このような行動は、小型株よりも悪化しており、規制当局が最終的に取り締まりを実施する可能性が高いことを示しています。
アリソン・ネイサン : 暗号エコシステムの中で、どのような革新があなたにとって希望がありますか?
ノリエル・ルービニ: ありません。今後10年間で、従来の金融システムを覆す急進的な金融革新が複数の次元で現れるでしょう。しかし、これは暗号通貨とは関係ありません。人工知能、機械学習、IoTを使用してビッグデータを収集することの組み合わせが、この革新を推進することになるでしょう。
フィンテックは、支払いシステム、貸付、信用配分、保険、資産管理、部分的な資本市場を再構築しています。支払いシステムの文脈では、中国では毎日数十億件の取引がAlipayやWeChat Payを使用して行われ、ケニアやサハラ以南のほとんどのアフリカ諸国ではM-Pesaが使用され、米国ではVenmo、PayPal、Squareが使用されています。これらはすべて素晴らしい企業であり、スケーラブルで安全であり、金融サービスを覆しています。これらは分散型金融に基づいておらず、暗号やブロックチェーンとも関係ありません。
実際、私はこの問題を研究するのに多くの時間を費やしました。なぜなら、ますます多くの人々が、これらが通貨ではないかもしれないが、ブロックチェーン技術は革命的である可能性があると言っているからです。
今では「企業分散台帳技術(DLT)」や「企業ブロックチェーン」といった流行の言葉がありますが、私はこれらのプロジェクトのほとんどをBINO(「名存実亡のブロックチェーン」)と呼んでいます。真にブロックチェーン技術に基づくものは、オープンで、分散型で、許可がなく、信頼が不要であるべきです。しかし、DLTやブロックチェーン企業の実験を見てみると、ほとんどすべての実験はプライベートで集中型で許可制です。なぜなら、一部の人々だけが取引を検証する能力を持っており、ほとんどは信頼できる機関によって検証されているからです。

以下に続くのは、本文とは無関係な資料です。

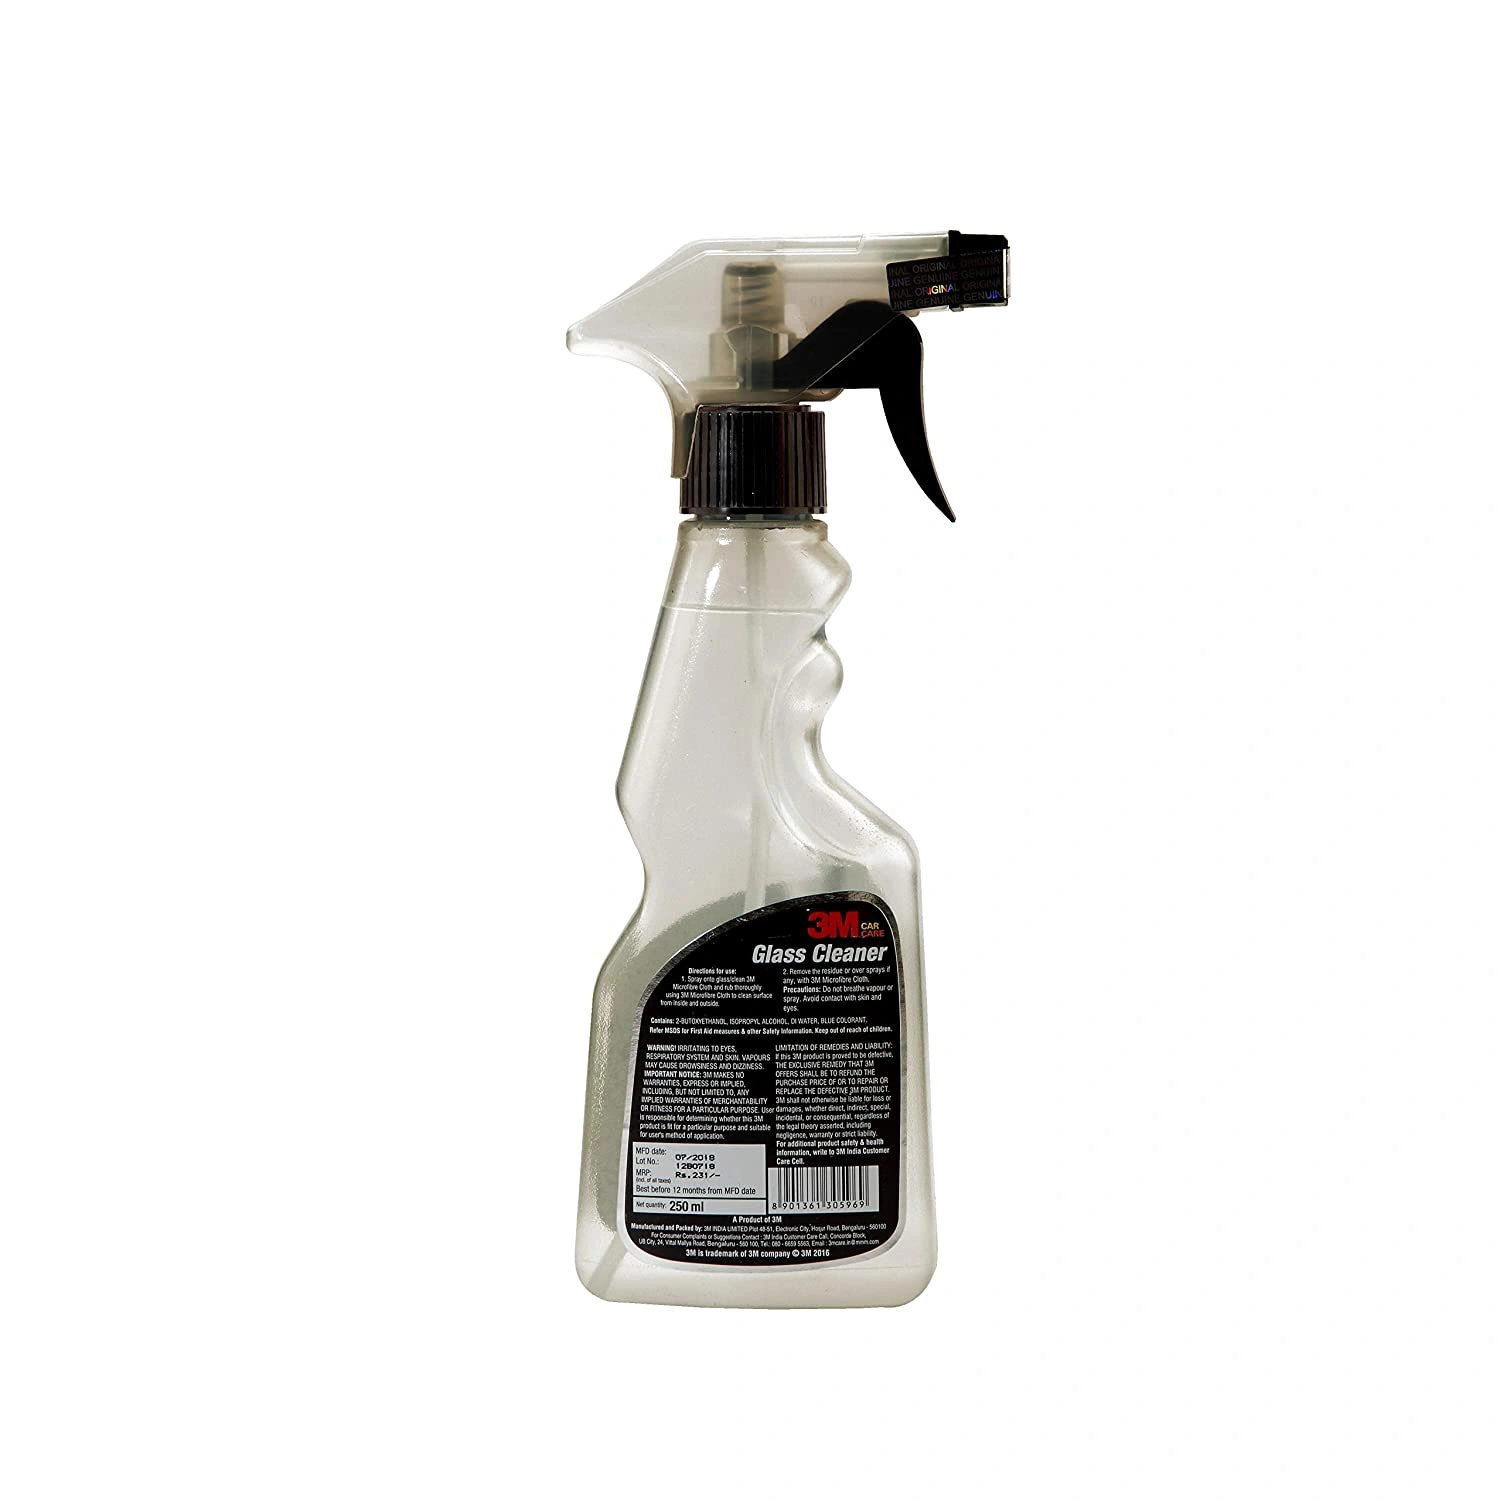 3M Auto Specialty Glass Cleaner-250 ml-1

これらのプロジェクトの中でも、実際に役立つものはほとんどありません。
ある研究では、非営利分野におけるブロックチェーン技術の43の応用を調査しました。理由には、銀行口座を持たない人々への銀行サービスの提供、難民へのIDの発行、送金が含まれましたが、実際には有効なものは一つもありませんでした。この全体の分野の根本的な問題は、技術が信頼を生み出すことができると仮定していることです。
しかし、それは不可能な課題です。所有権や品質を認証する課題を解決するには、デューデリジェンスとテストが必要です。なぜ私はDLTネットワークが私のトマトが有機であると言うことを信じなければならないのでしょうか?私はWhole Foodsが実際にトマトの化学成分をテストしていると信じています。技術が信頼の問題を解決できるという考えは妄想です。
したがって、私はブロックチェーン、DLT、暗号通貨がその支持者が考えるような革命的な技術であるとは非常に疑わしいです。